Content starts
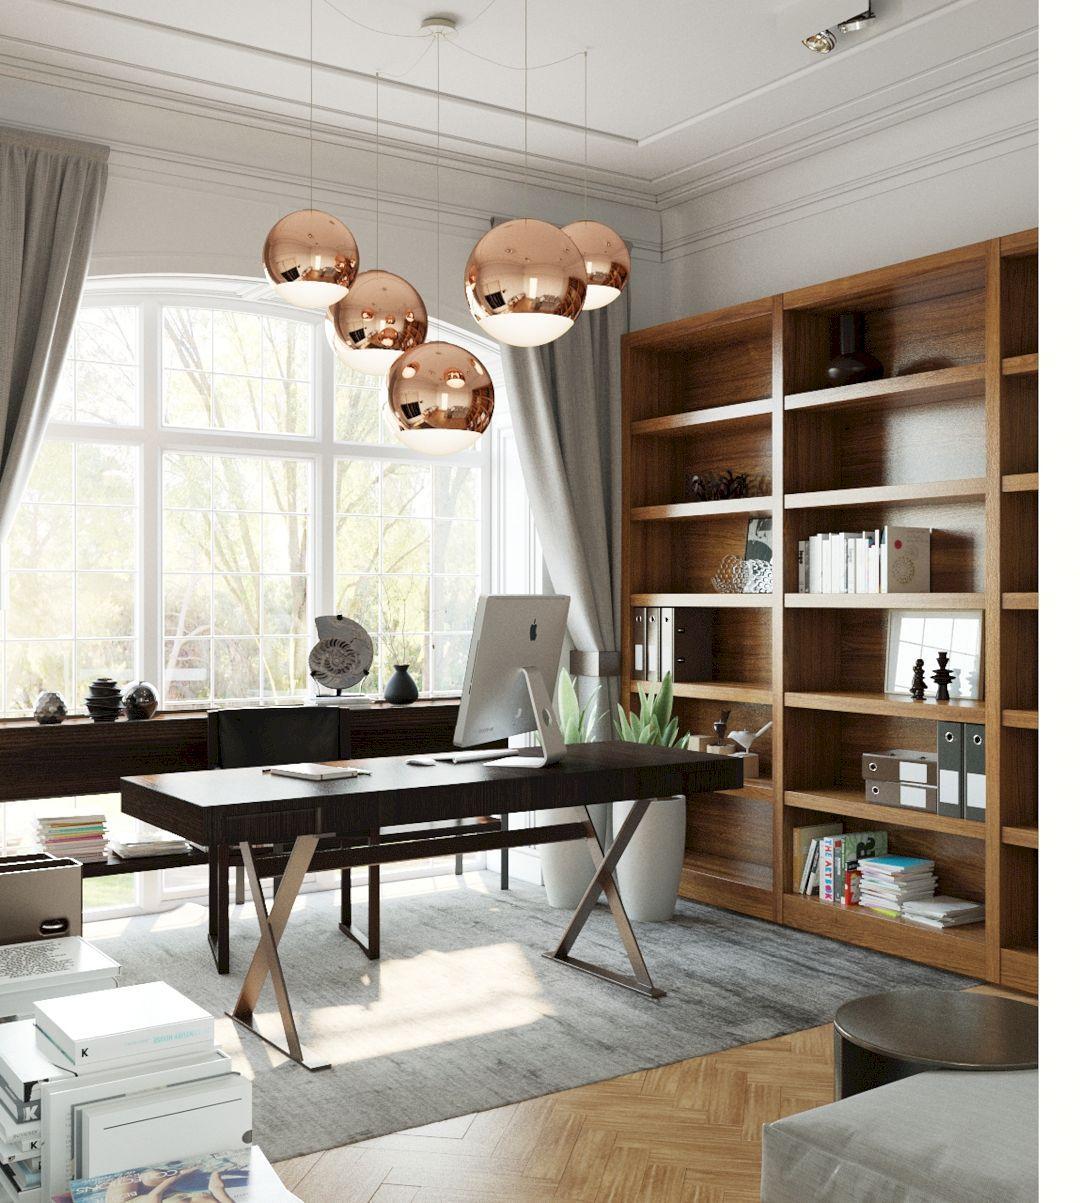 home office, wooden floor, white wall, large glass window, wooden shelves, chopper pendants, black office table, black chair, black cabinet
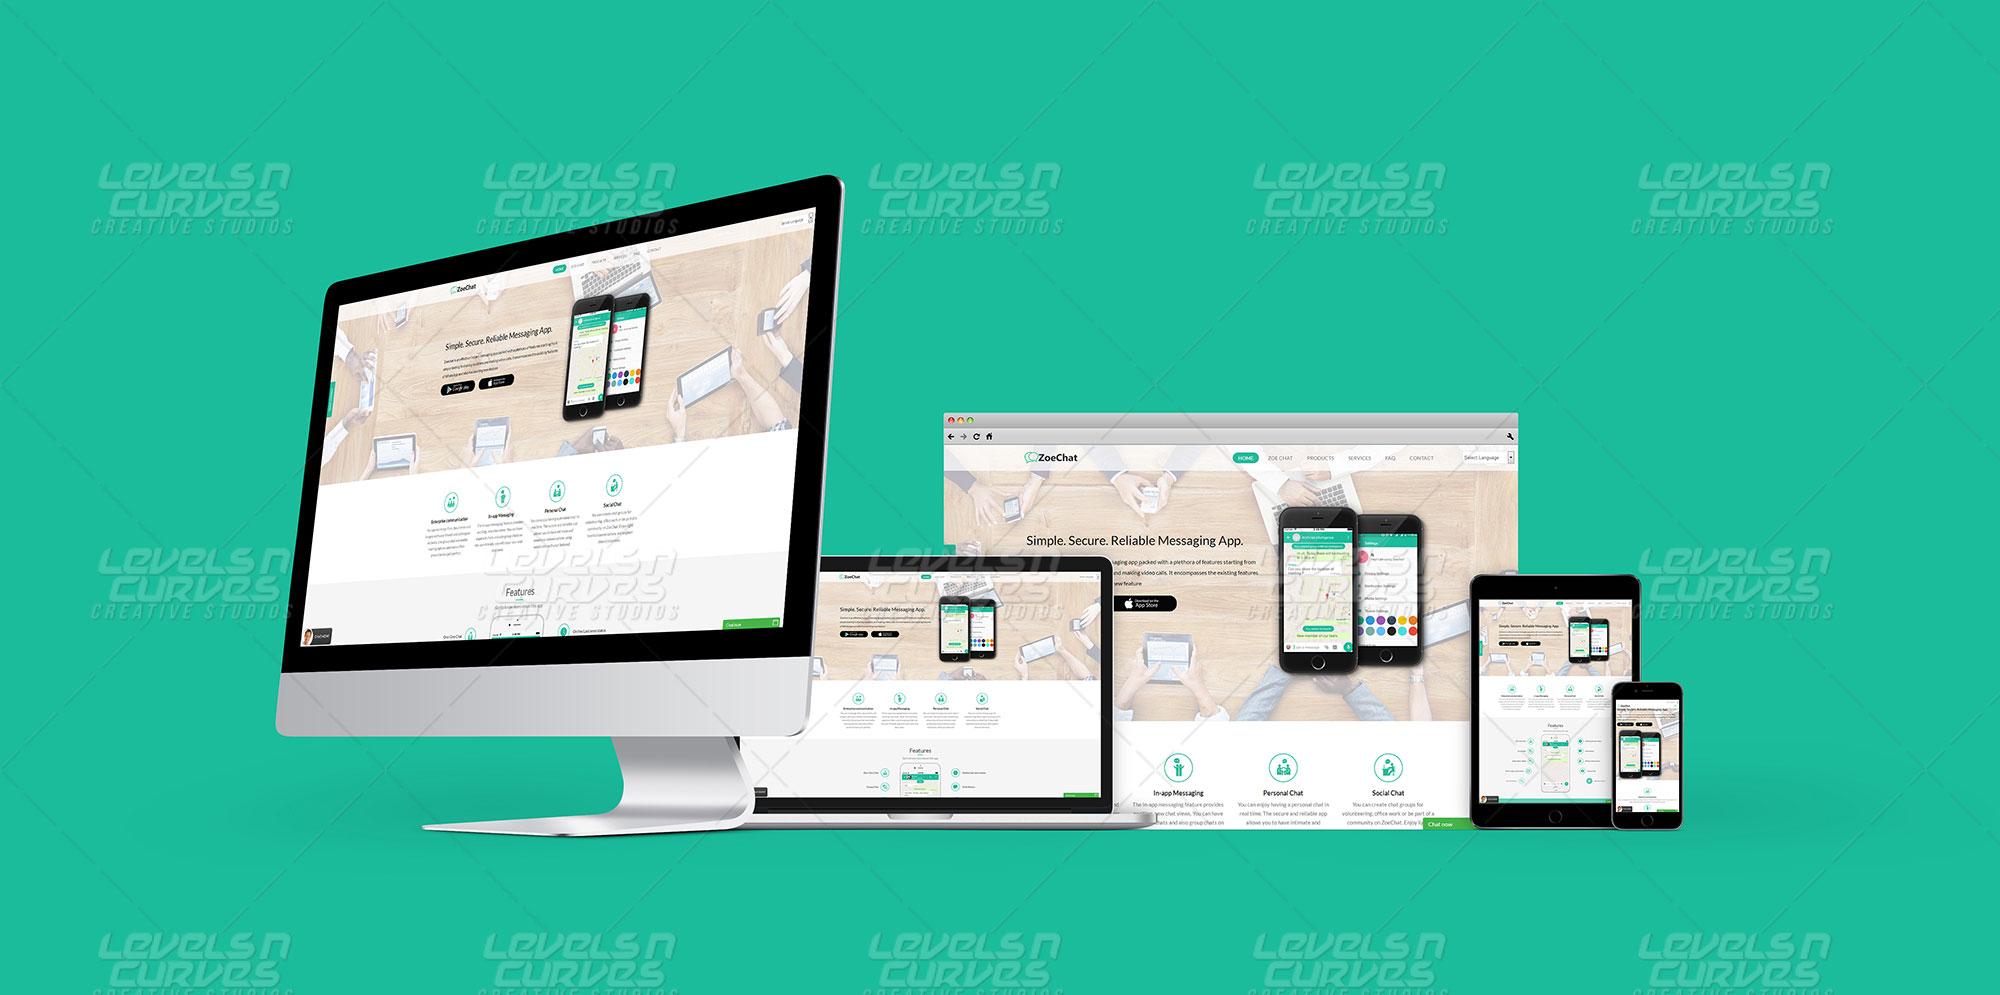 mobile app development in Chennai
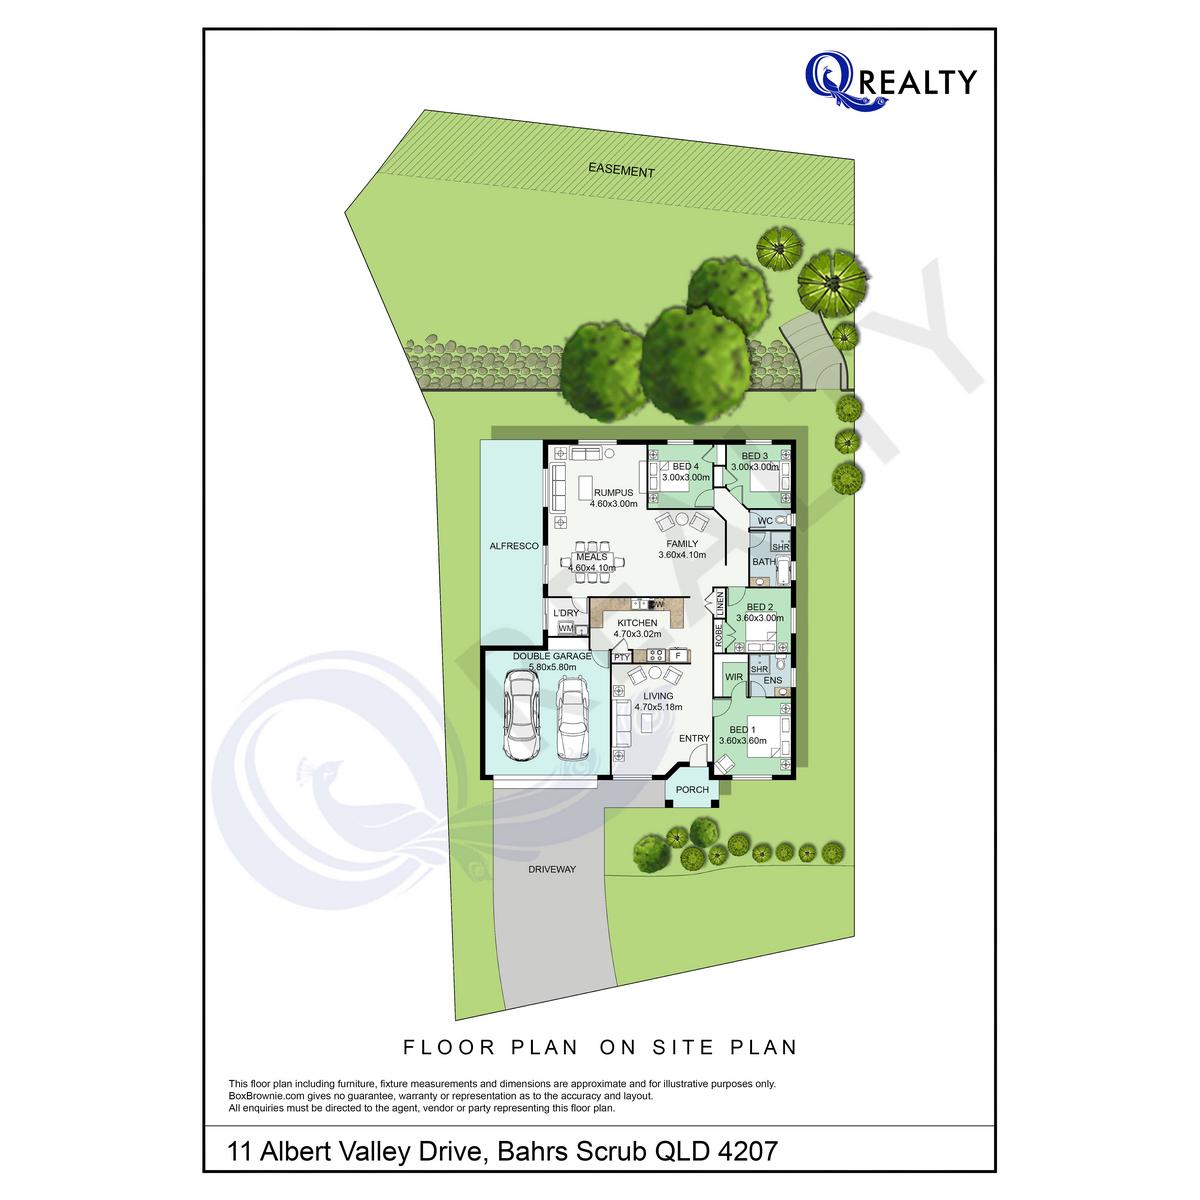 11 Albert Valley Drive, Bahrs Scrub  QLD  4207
Content ends
Content starts
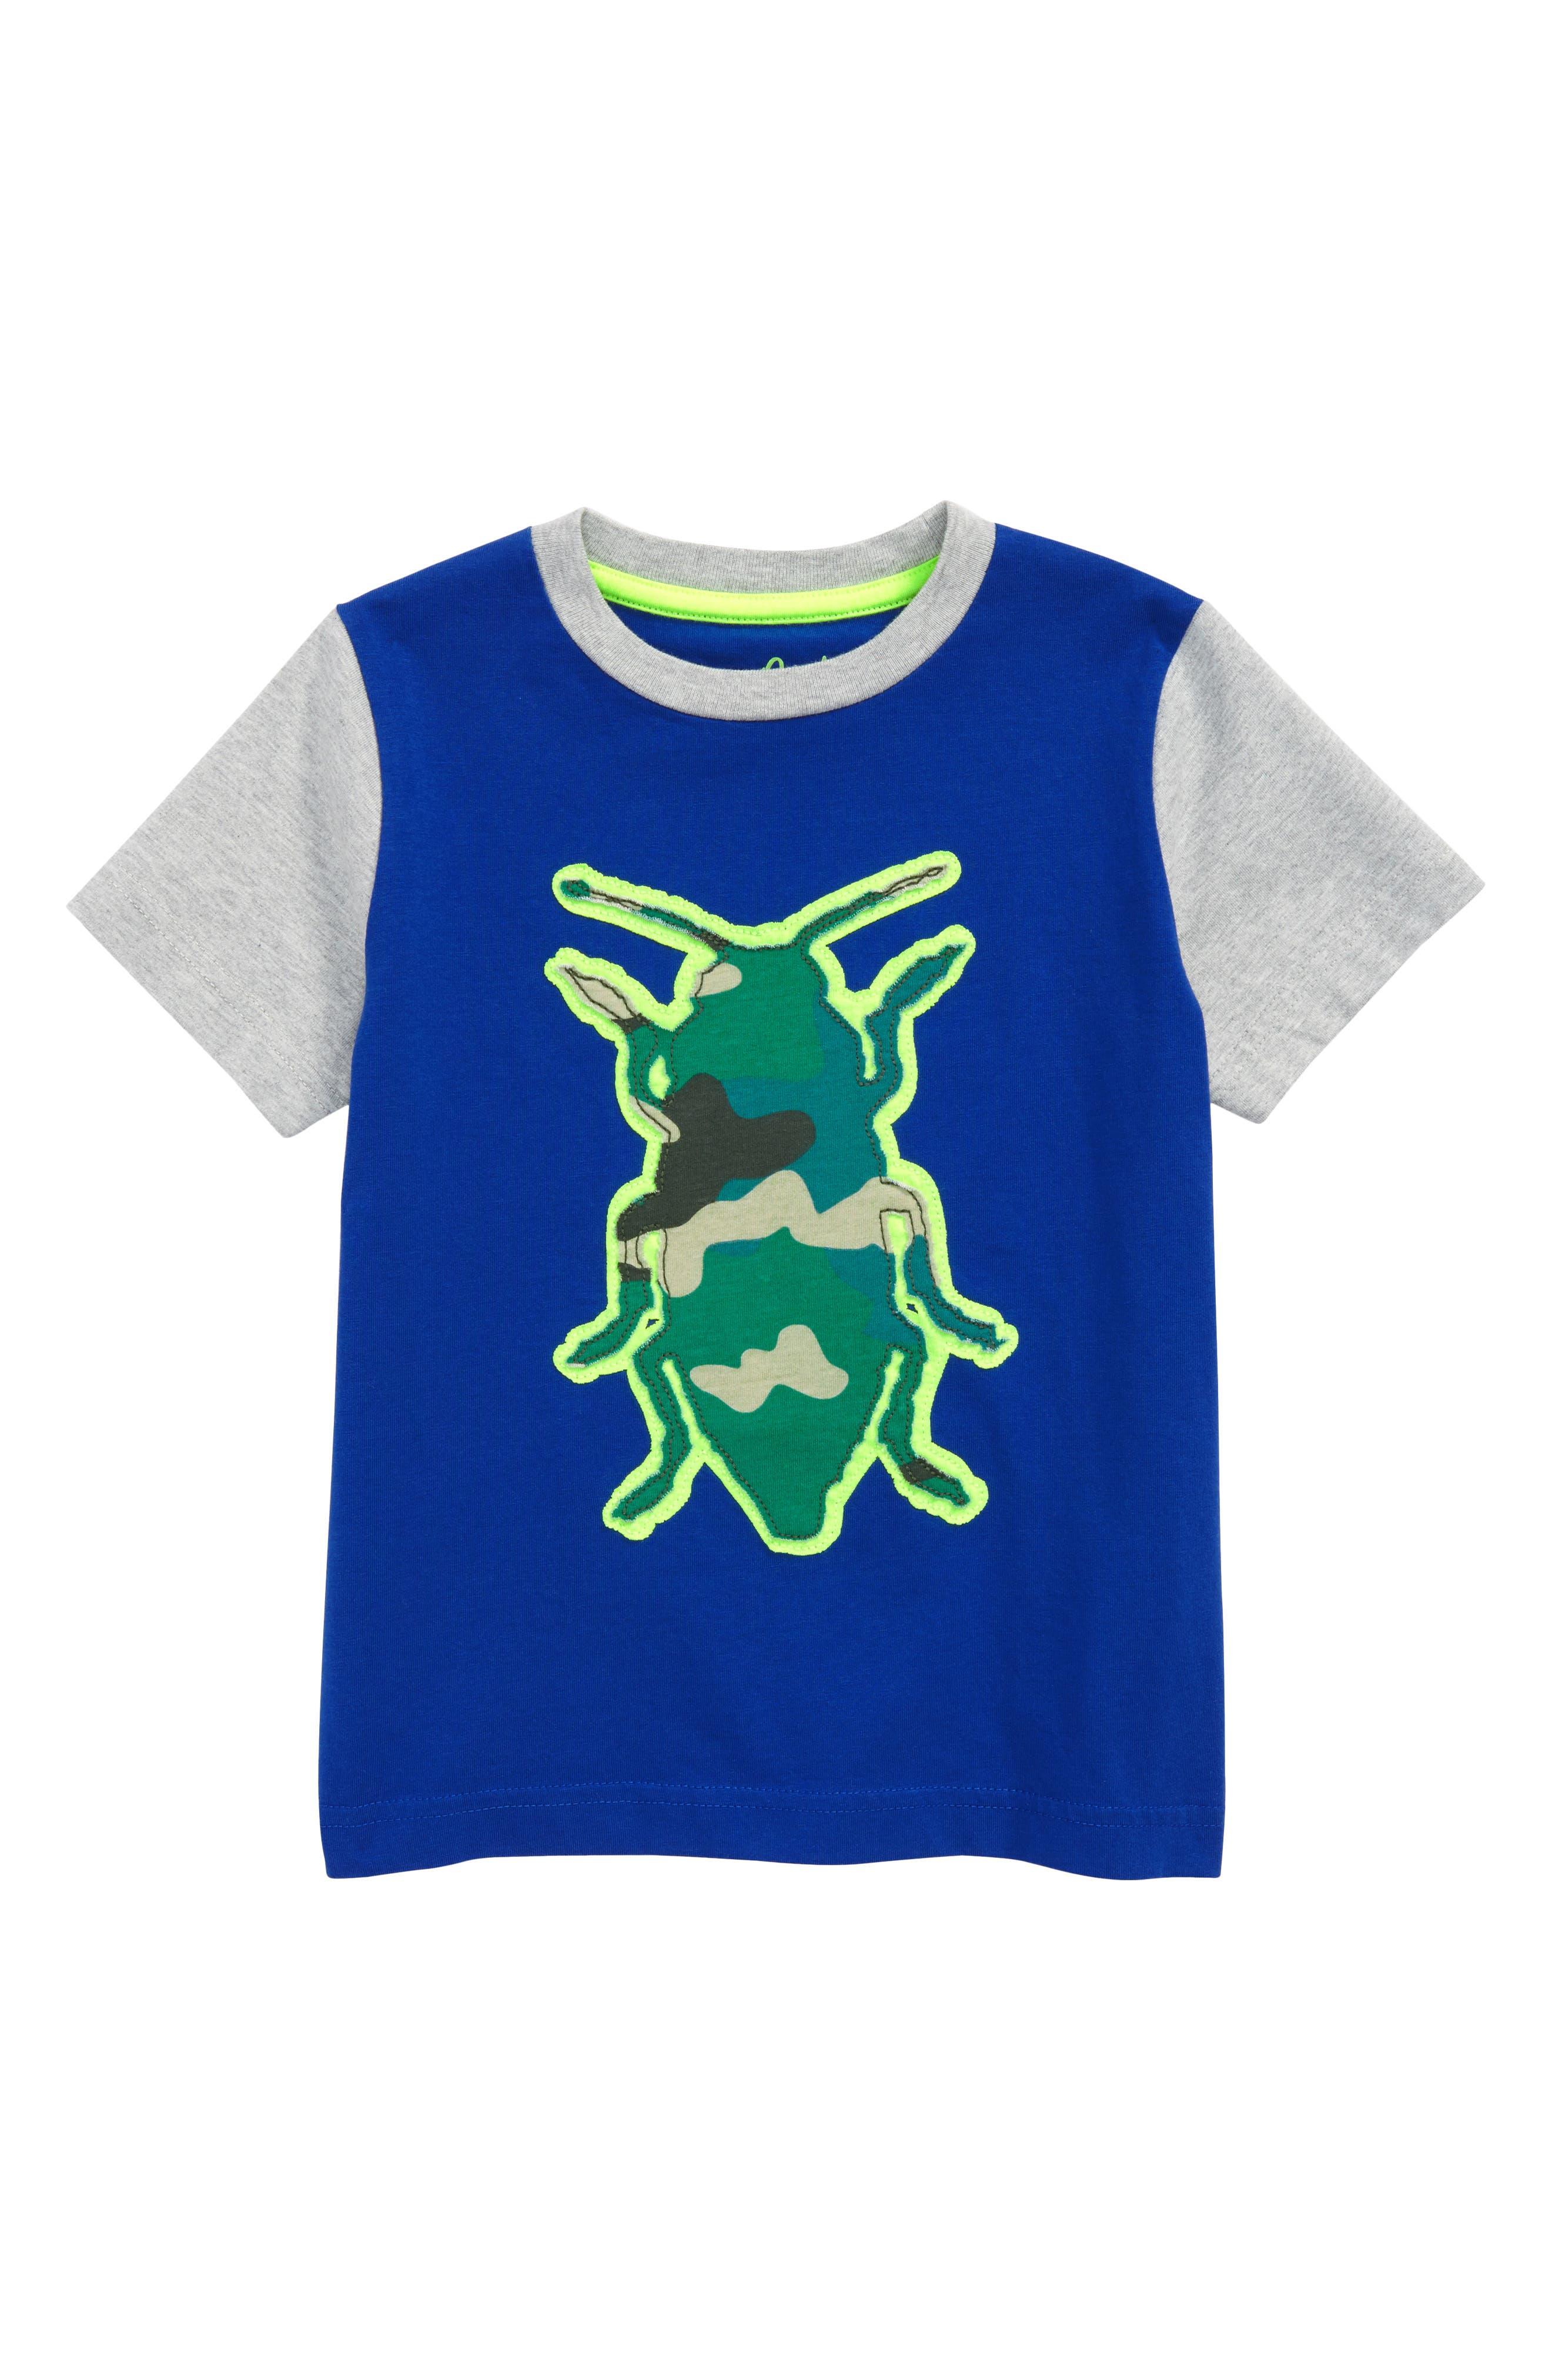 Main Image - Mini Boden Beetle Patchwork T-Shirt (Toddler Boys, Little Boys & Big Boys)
Content ends
Task statement:
Starting at the line containing "mobile app development in Chennai" and stopping at the line containing "11 Albert Valley", output each line exactly as it appears above. Leave out the pictures.

The answer:
 mobile app development in Chennai
 11 Albert Valley Drive, Bahrs Scrub  QLD  4207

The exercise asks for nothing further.